* Work required *
Write out exactly the lines below from the one containing "DeWALT DW505-GB Drill." to the last, both ends kept, and nothing more; skip all pictures.

* Source data *
----------
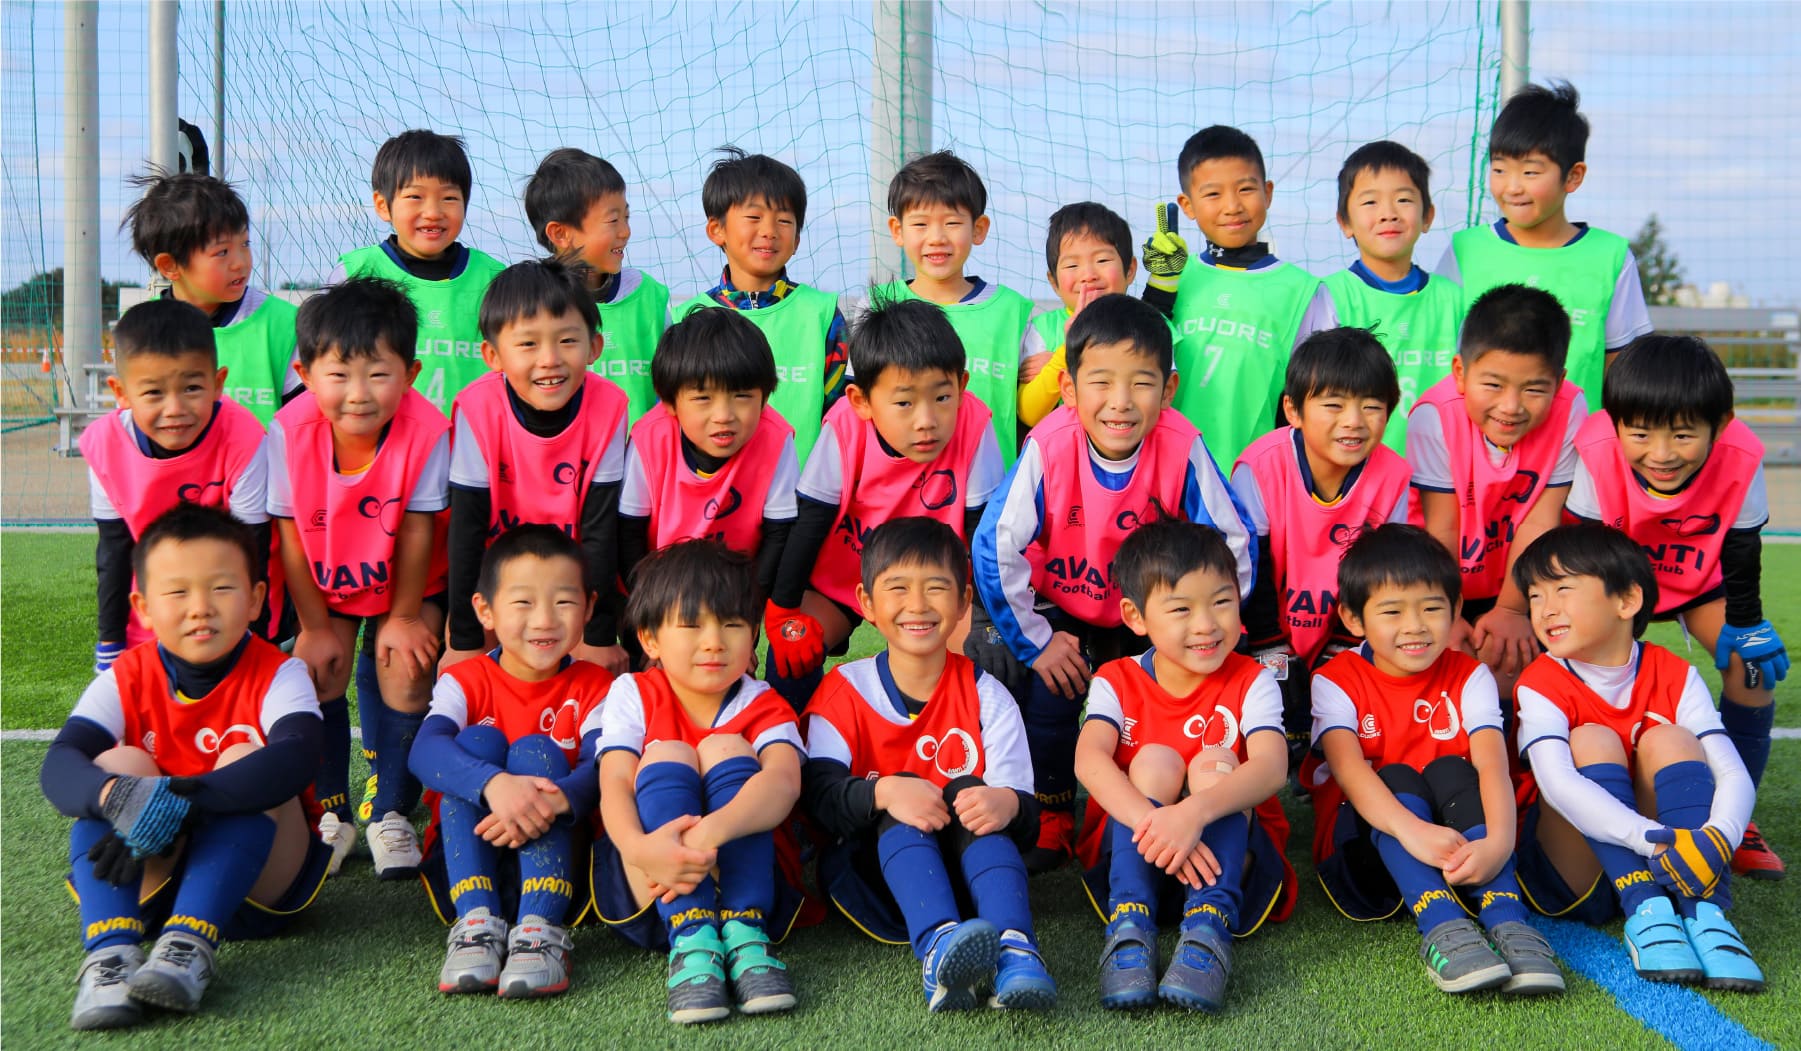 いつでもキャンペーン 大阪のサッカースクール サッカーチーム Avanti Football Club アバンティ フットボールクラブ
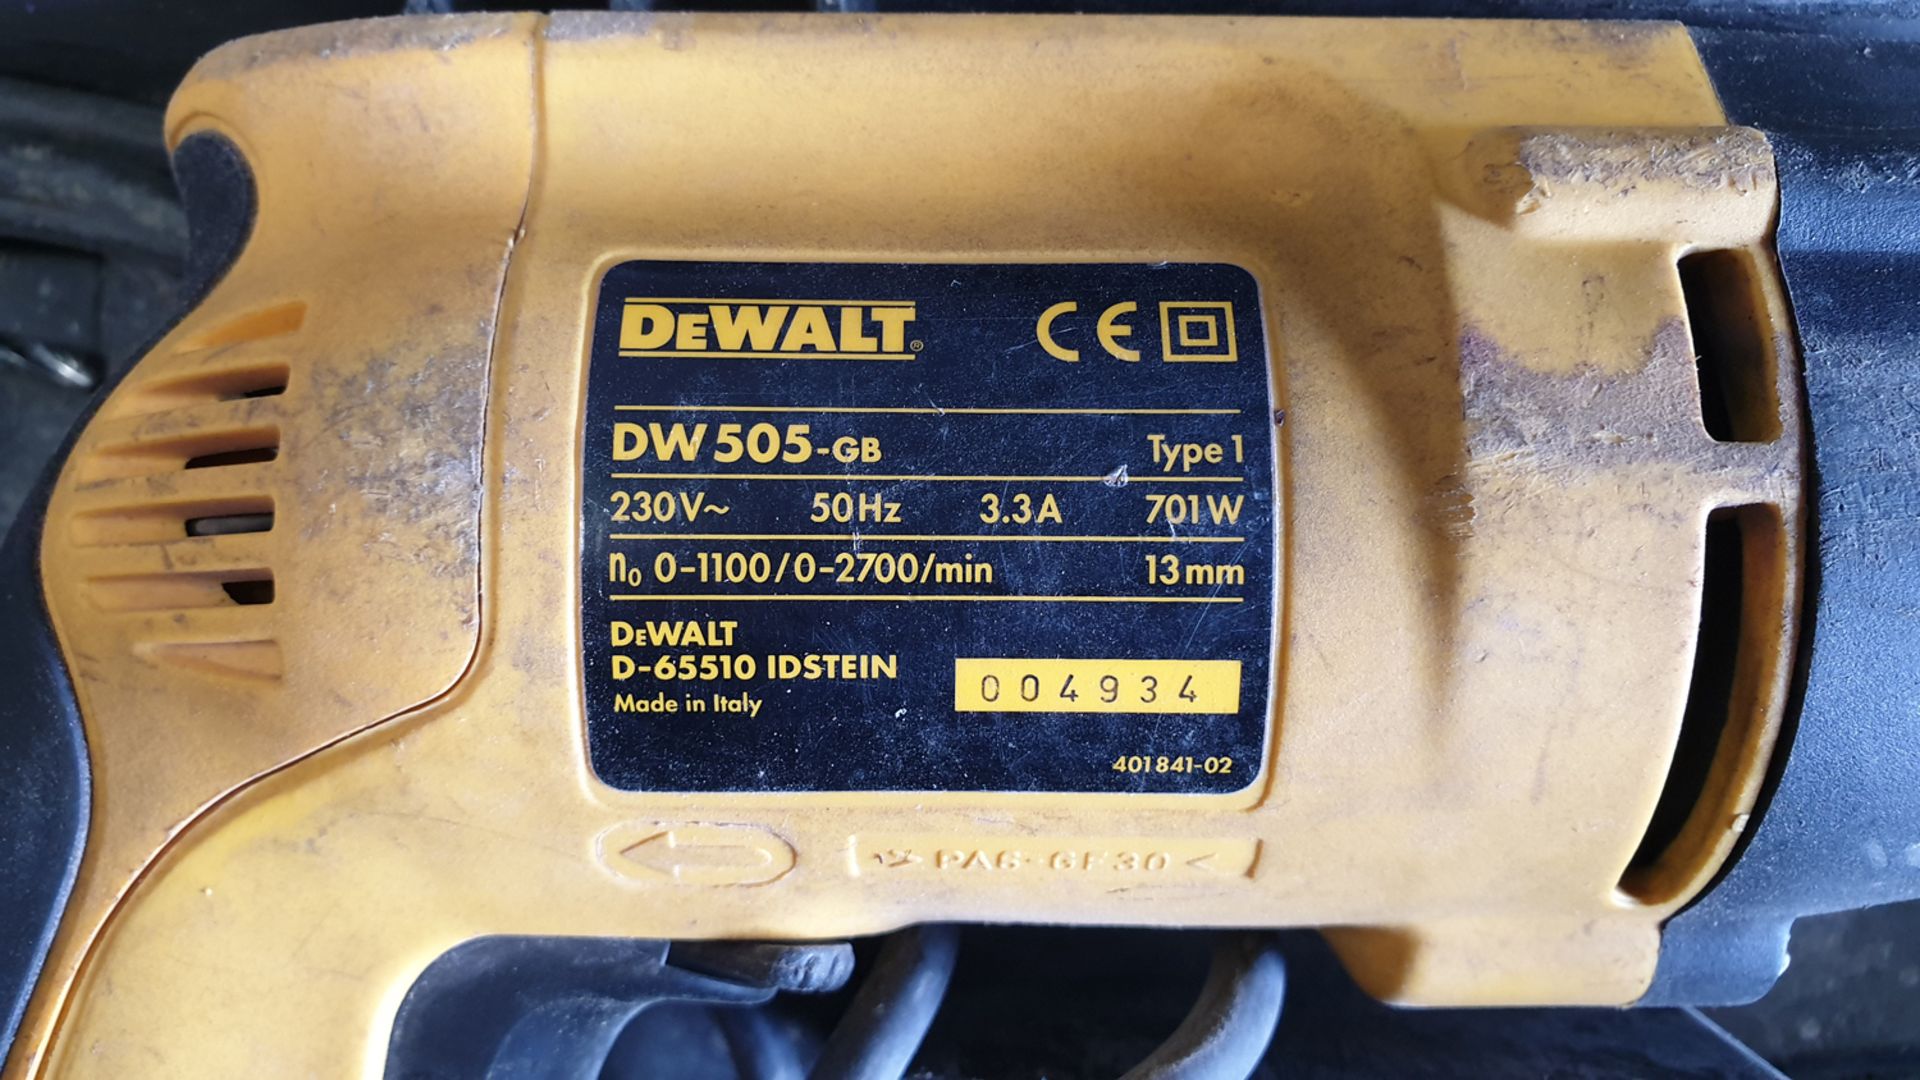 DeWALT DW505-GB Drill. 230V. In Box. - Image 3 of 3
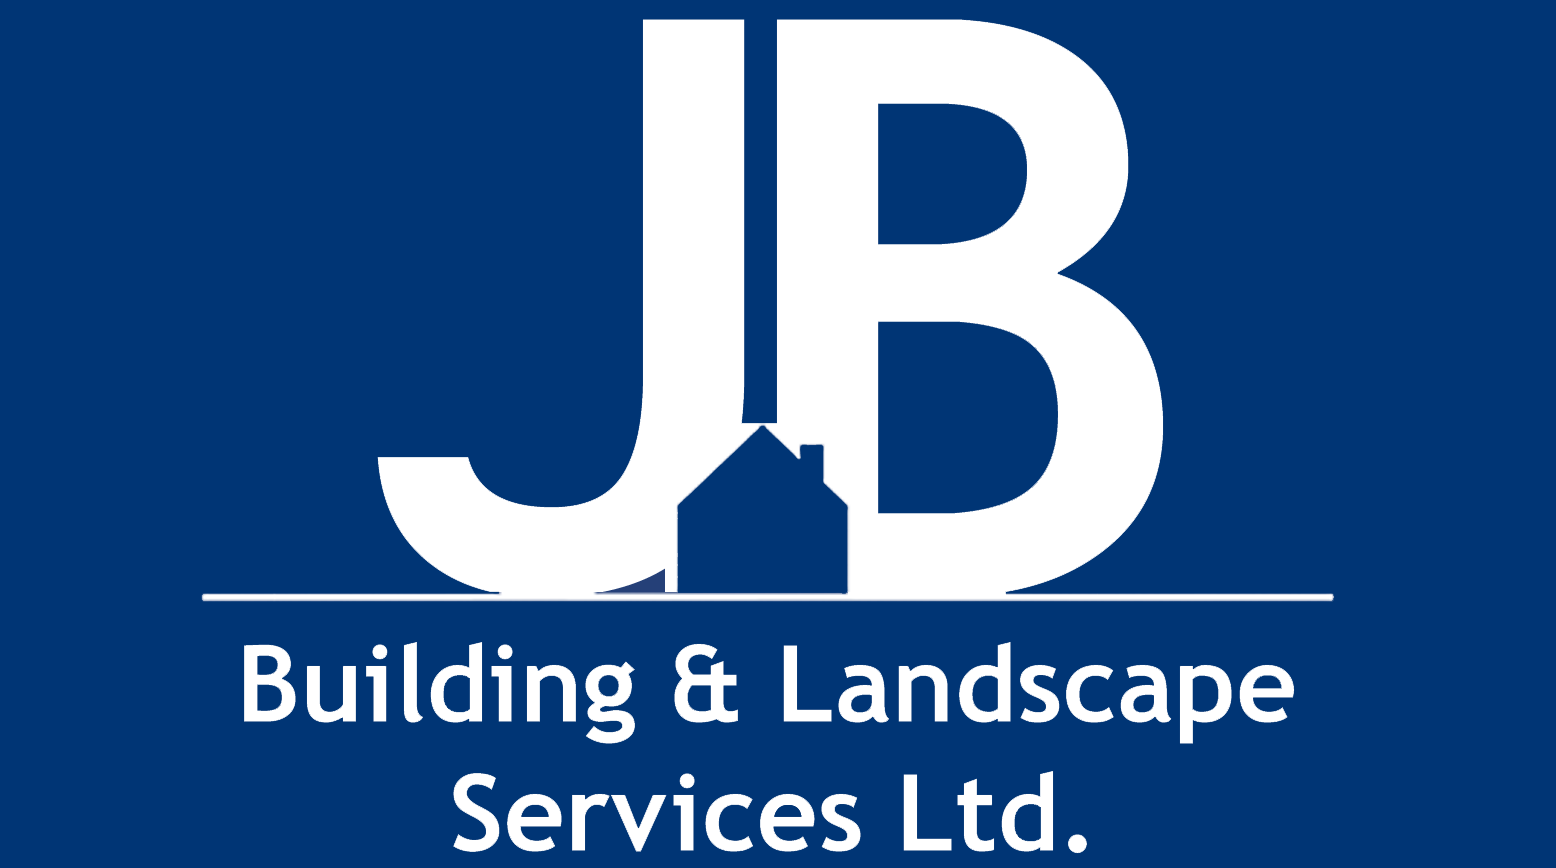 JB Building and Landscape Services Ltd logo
----------
* Solved exercise *
 DeWALT DW505-GB Drill. 230V. In Box. - Image 3 of 3
 JB Building and Landscape Services Ltd logo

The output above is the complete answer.